# Navionics or lakemaster?



## CmackR56 (May 30, 2009)

Trying to decide what mapping chip to purchase for a Humminbird 959. Navionics Hotmaps looks really good but I also hear great things about the Lakemaster chips. Mostly fish Livingston but also do Toledo bend and Falcon. I will admit to being clueless on this subject, so any advice would be much appreciated.


----------



## CmackR56 (May 30, 2009)

Ok, I know, I know. The search feature is my friend. So after searching, I found the general preference was Navionics. That being said, which particular Navionics chip? Hotmaps premium, Hotmaps Gold or Hotmaps Platinum?


----------



## RedXCross (Aug 7, 2005)

Lakemaster all day everyday for me in my H-Bird.


----------



## big D. (Apr 10, 2010)

If you fish Livingston mostly then go with the Navionics. I like both, but I tried them side by side in my bird this year on Livingston and the Navionics won. Lakemaster does not offer Livingston in HD, so you lose the detail that Navionics offers for Livingston. Do you have or plan to get the I-link for an I-pilot Trolling motor? If so, then you might want the Lakemaster.


----------



## RedXCross (Aug 7, 2005)

That makes sense , Because I mainly Fish Toledo Bend and I can tell you without a doubt Lake master , Livingston , I have no Idea.



RedXCross said:


> Lakemaster all day everyday for me in my H-Bird.


----------



## CoreyStanley (Dec 2, 2014)

Check out the Navionics web app and compare the data for yourself. It will show you all of the available data for your lakes, just select which card to the left, if you select the Platinum or the Nav+ chips, be sure to toggle the button in the bottom left corner. This will turn the Sonar Charts layer on, which is the user recordings that have been gathered to improve the mapping.

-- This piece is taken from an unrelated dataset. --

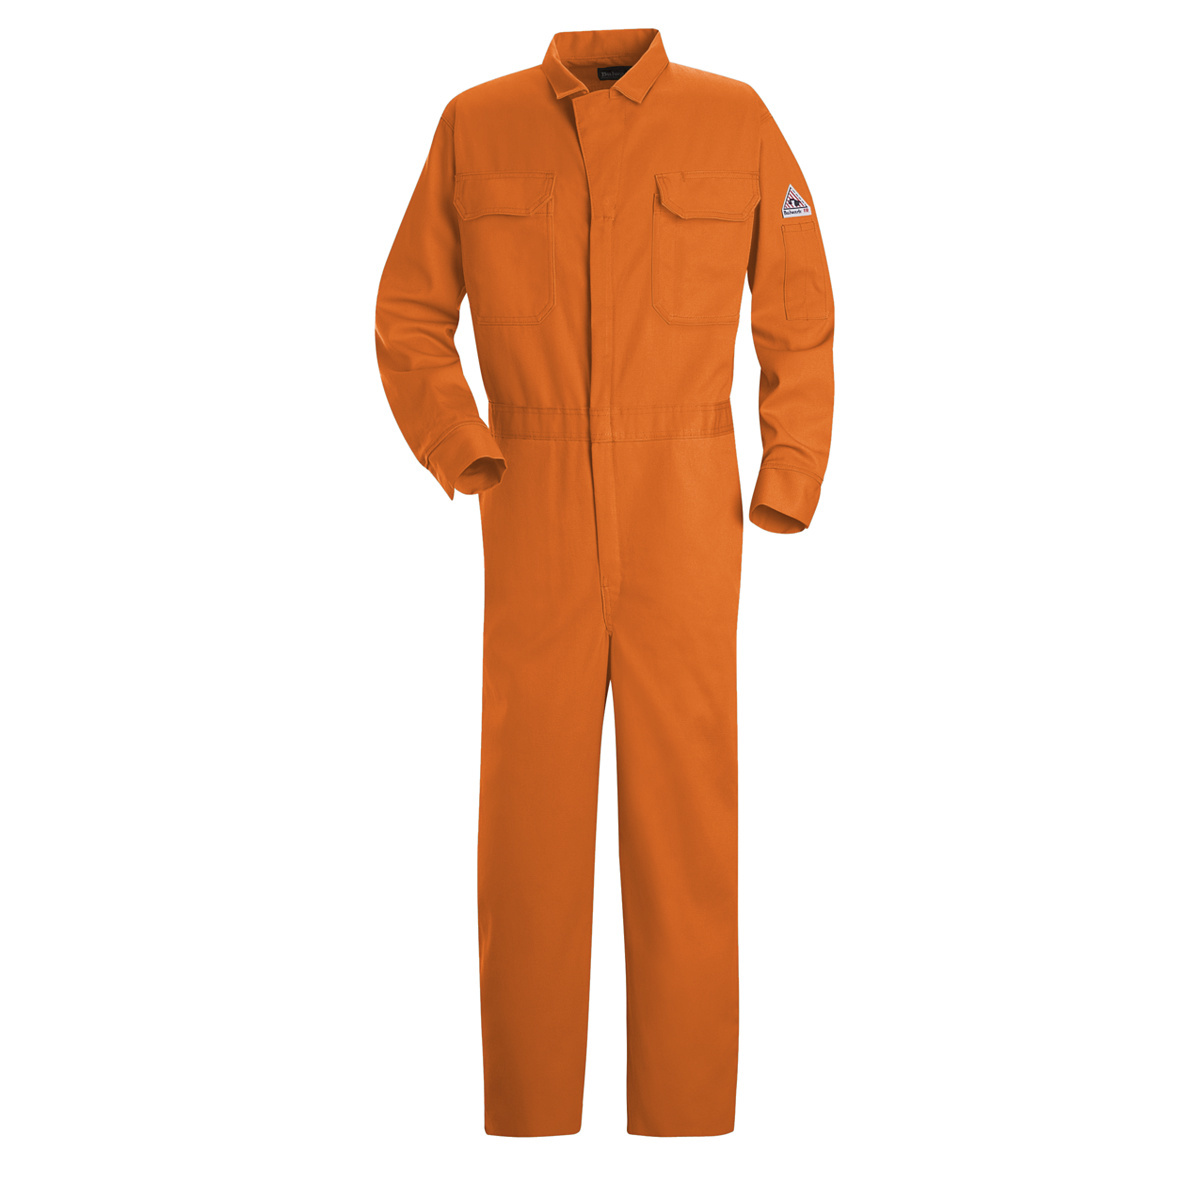 Bulwark® 50 Regular Orange EXCEL FR® Twill Cotton Flame Resistant Coveralls With Zipper Front Closure
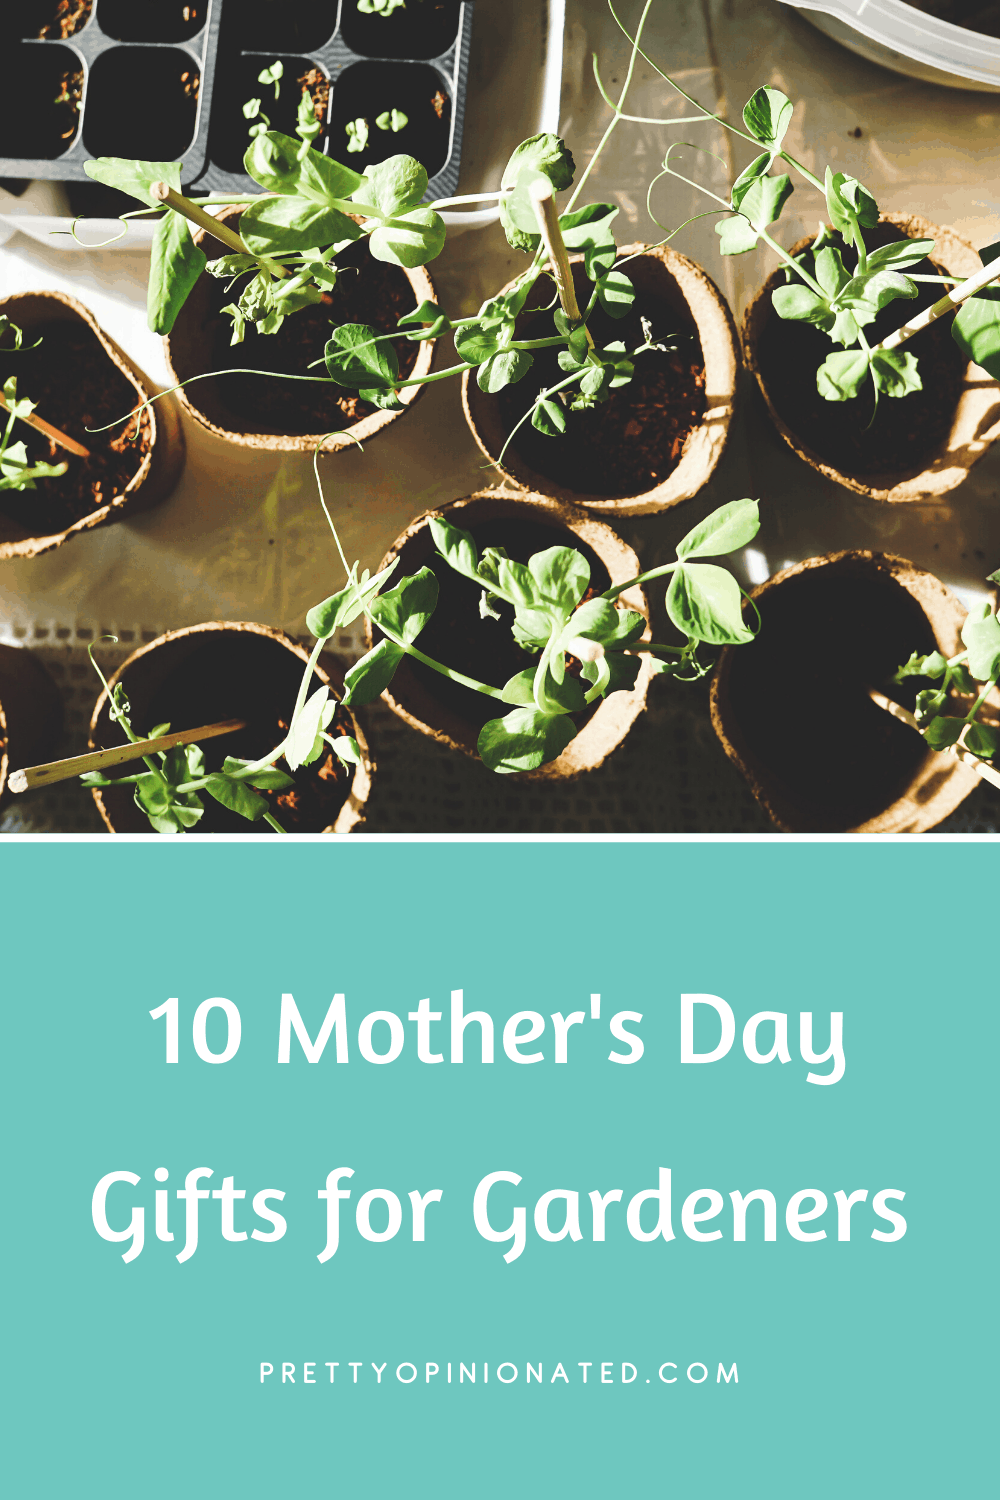 When you’re buying for someone who loves spending time in the garden, there’s a huge selection of great gift ideas out there. These 10 Great Gift Ideas for Mothers Who Love Gardening will help you find the perfect present!

http://webapp.navionics.com/?lang=en

There are quiet a few areas, esp on Toledo Bend that the Sonar Charts layer makes a huge difference. Check out the Sandy Creek Flats area and the mouth of Six Mile for a couple of examples.


----------



## CmackR56 (May 30, 2009)

Thanks everyone, the Navionics webapp is sweet. I wish Lakemaster had something comparable. Lakemaster doesn't have Livingston in high definition, but Tbend is my secondary lake and Lakemaster does cover that in HD. Still trying to figure out which Navionics would be suitable. Kinda leaning towards Hotmaps Platinum.


----------



## CoreyStanley (Dec 2, 2014)

You def want the Platinum or the Nav+, those are the 2 cards that provide the Sonar Charts layer, which is the info gained when you toggle the button on the bottom left on the app.


----------